• _EXERCISE INSTRUCTIONS_
Give the entries below again, word for word, and leave out the images.

• _Records from a data collection_
########

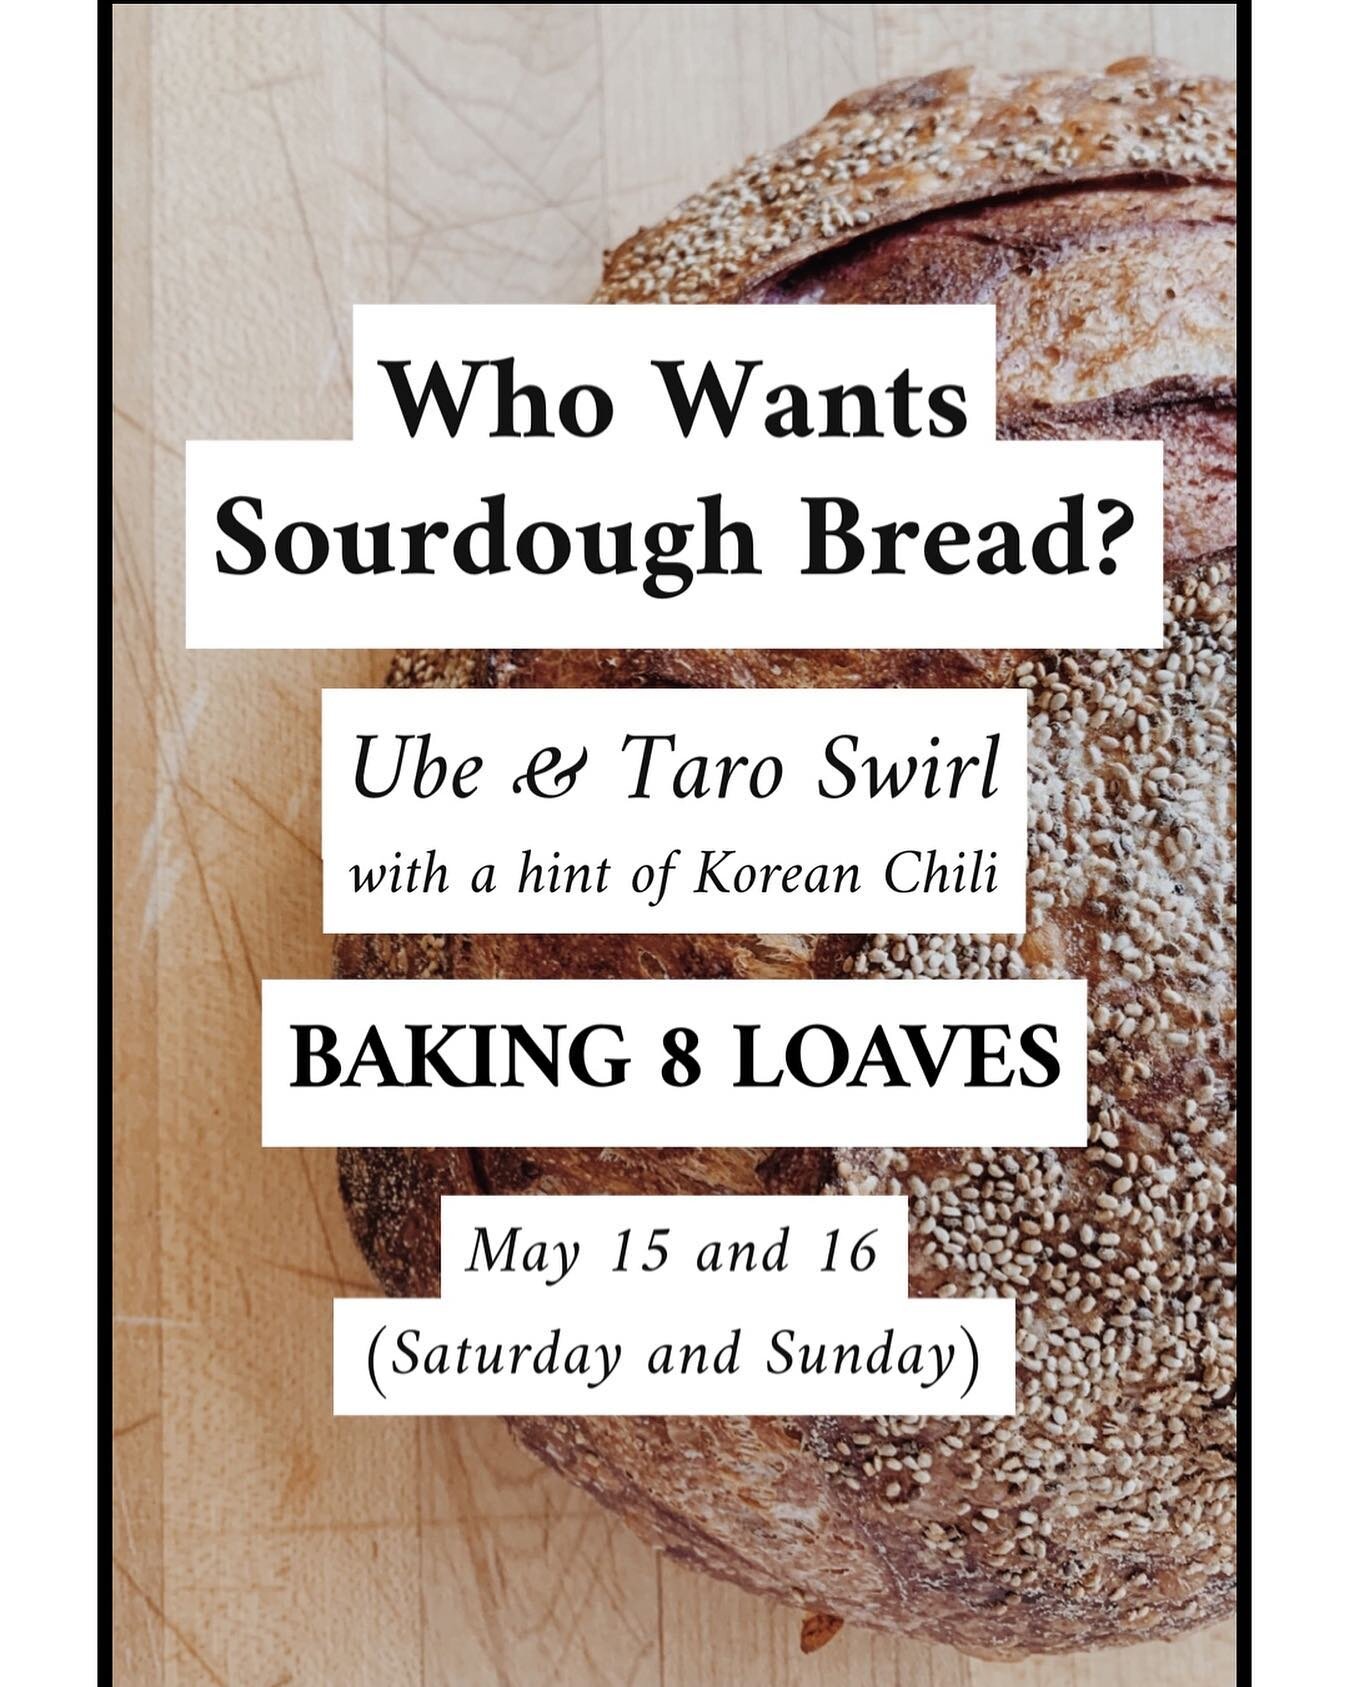 Upping production by making 8 loaves!! 
Since this takes me more than a few days to make I need to know by end of day Wednesday 

Type: Ube and Taro Swirl with some Korean 
  Chili
Cost: $18 dollars
Quantity: 8
When: May 15 and 16 (Saturday and Sunda

########

• _RESPONSE TO THIS EXERCISE_
 Upping production by making 8 loaves!! 
Since this takes me more than a few days to make I need to know by end of day Wednesday 

Type: Ube and Taro Swirl with some Korean 
  Chili
Cost: $18 dollars
Quantity: 8
When: May 15 and 16 (Saturday and Sunda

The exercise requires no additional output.